Je vous renvoie la lettre de votre ami, qui me paraît faire peu de cas de l’arithmétique. Je vous supplie, monsieur, de vouloir bien envoyer le mémoire Calas à M. Debrus, quand vous l’aurez lu.

Vous savez que l’affaire ne sera rapportée que le 8 février. Je ne dormirai point la nuit du 7 au 8.

Mon Dieu, que d’abominations !

Je prends la liberté de vous embrasser de tout mon cœur.


5132. — À M. BERTRAND.
Au château de Ferney, 9 janvier.

Votre Dictionnaire[2] doit faire fortune, mon cher philosophe : il est neuf, il est utile, et il me paraît très-bien fait. Je crois qu’il faudra dorénavant tout mettre en dictionnaires. La vie est trop courte pour lire de suite tant de gros livres. Malheur aux longues dissertations ! Un dictionnaire vous met sous la main, et dans le moment, la chose dont vous avez besoin. Ils sont utiles surtout aux personnes déjà instruites qui cherchent à se rappeler ce qu’elles ont su.

Je vous suis infiniment obligé de votre très-bon livre. Vous pouvez ajouter dans une seconde édition, à l’article Fer, que tous ceux qui ont voulu entreprendre des fabriques de fer fondu avec M. de Réaumur se sont ruinés. Dès qu’il était instruit d’une découverte faite dans les pays étrangers, il l’inventait sur-le-champ. Il avait même inventé jusqu’à la porcelaine. Il faut avouer d’ailleurs que c’était un fort bon observateur.

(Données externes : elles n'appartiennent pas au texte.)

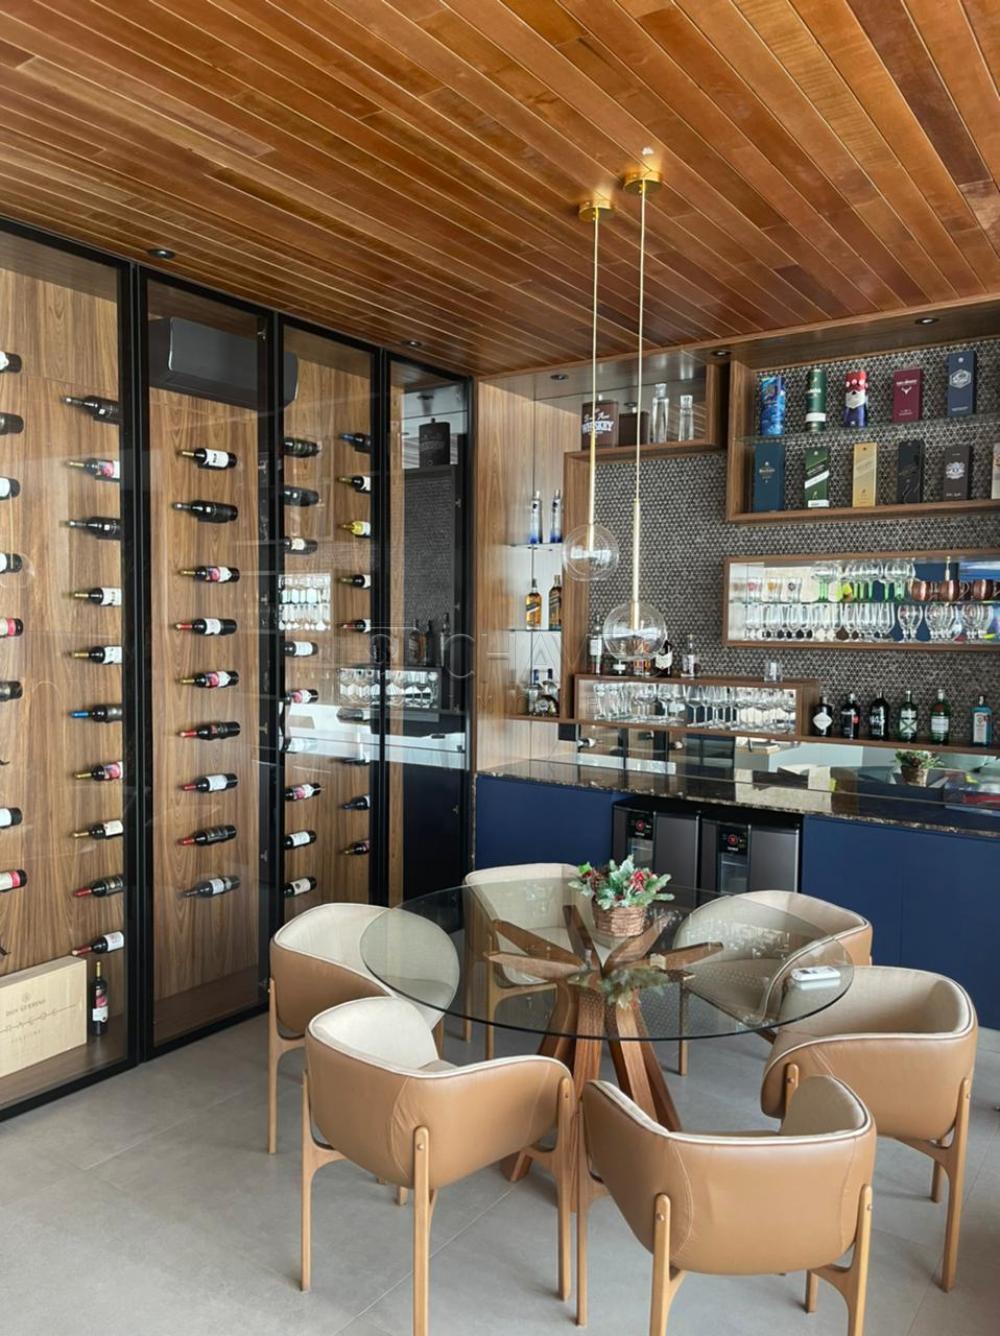 Comprar Casa / Condomínio em Ribeirão Preto R$ 3.700.000,00 - Foto 6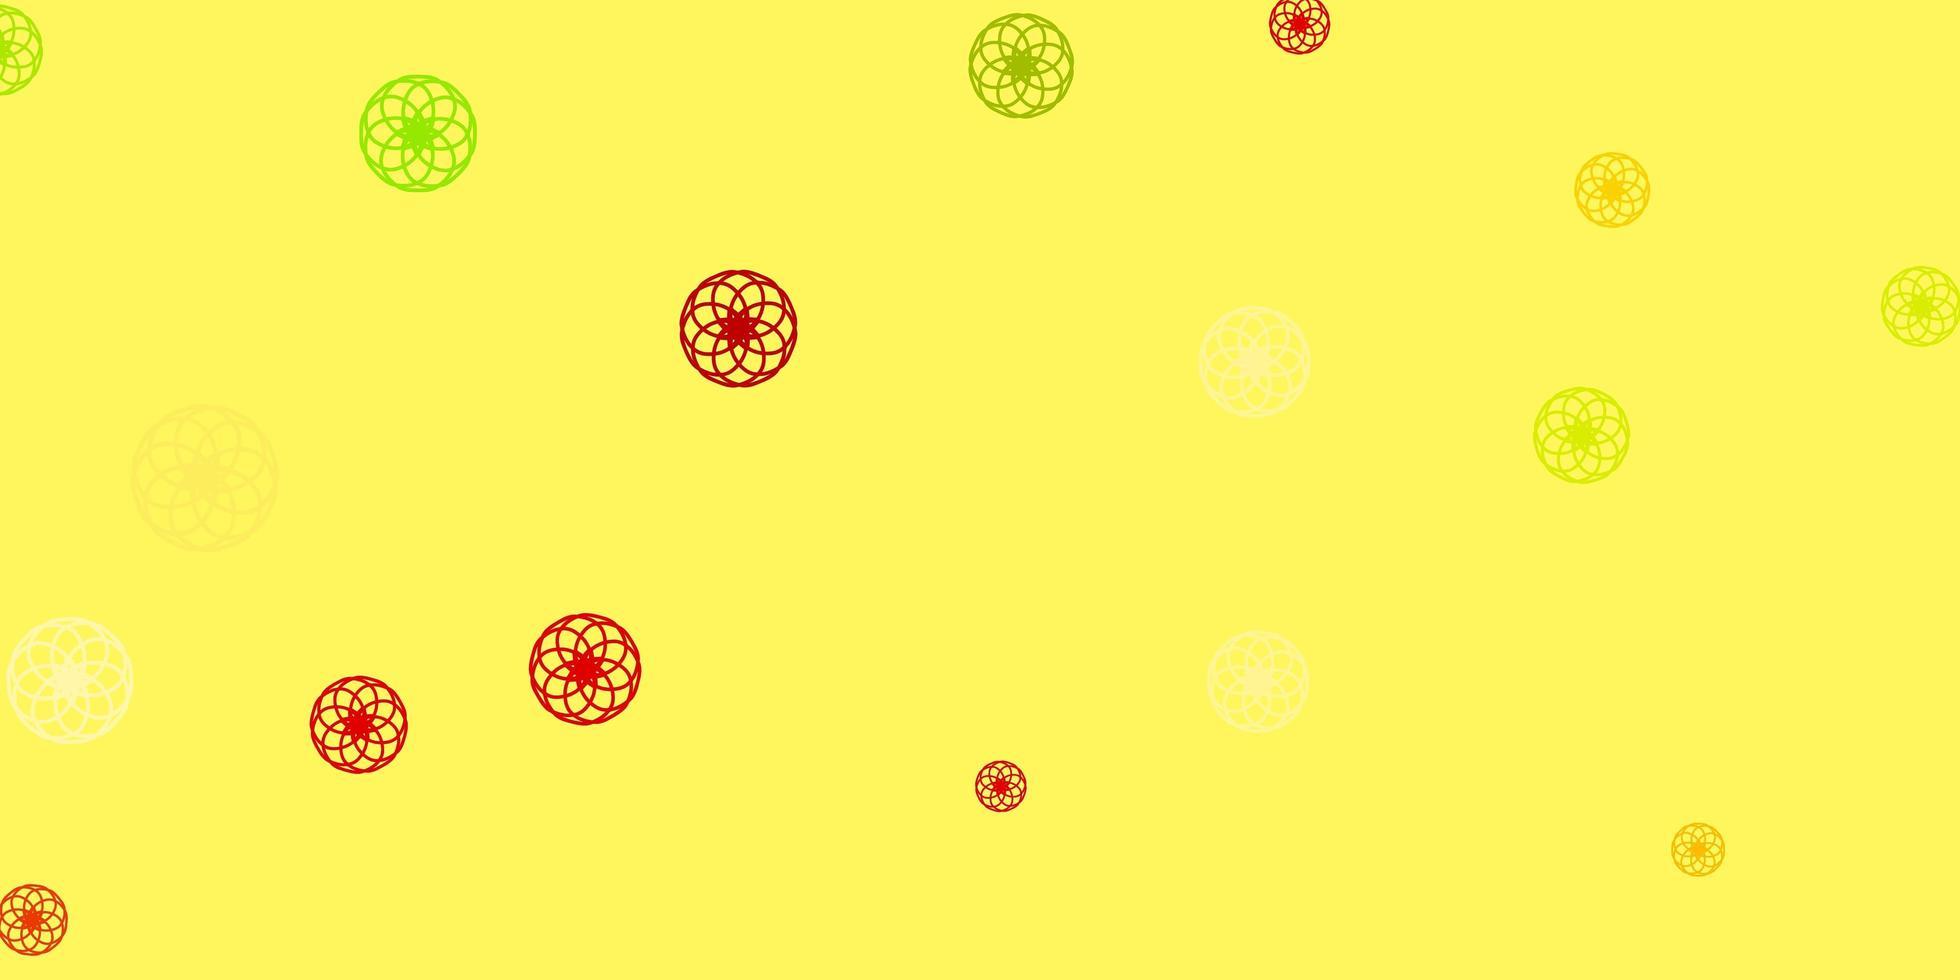 hellgrüner, roter Vektorhintergrund mit Blasen. vektor

  1. « Voltaire m’écrit que quand on lit les horreurs que le fanatisme a produites, on serait tenté de se débaptiser ; je lui réponds qu’il serait bien mieux de se déshumaniser, car les livres des fondateurs (de l’Église chrétienne) ne respirent que charité, et c’est à l’homme plus qu’au chrétien qu’il faut reprocher les maux dont la religion ne fut jamais que le prétexte. » (Extrait d’une lettre inédite de Moultou.)
  2. Dictionnaire universel des fossiles propres et des fossiles accidentels ; 1763, deux volumes in-8o. Un article de Voltaire sur cet ouvrage fut inséré dans la Gazette littéraire du 18 avril 1764 ; voyez cet article, tome XXV, page 166.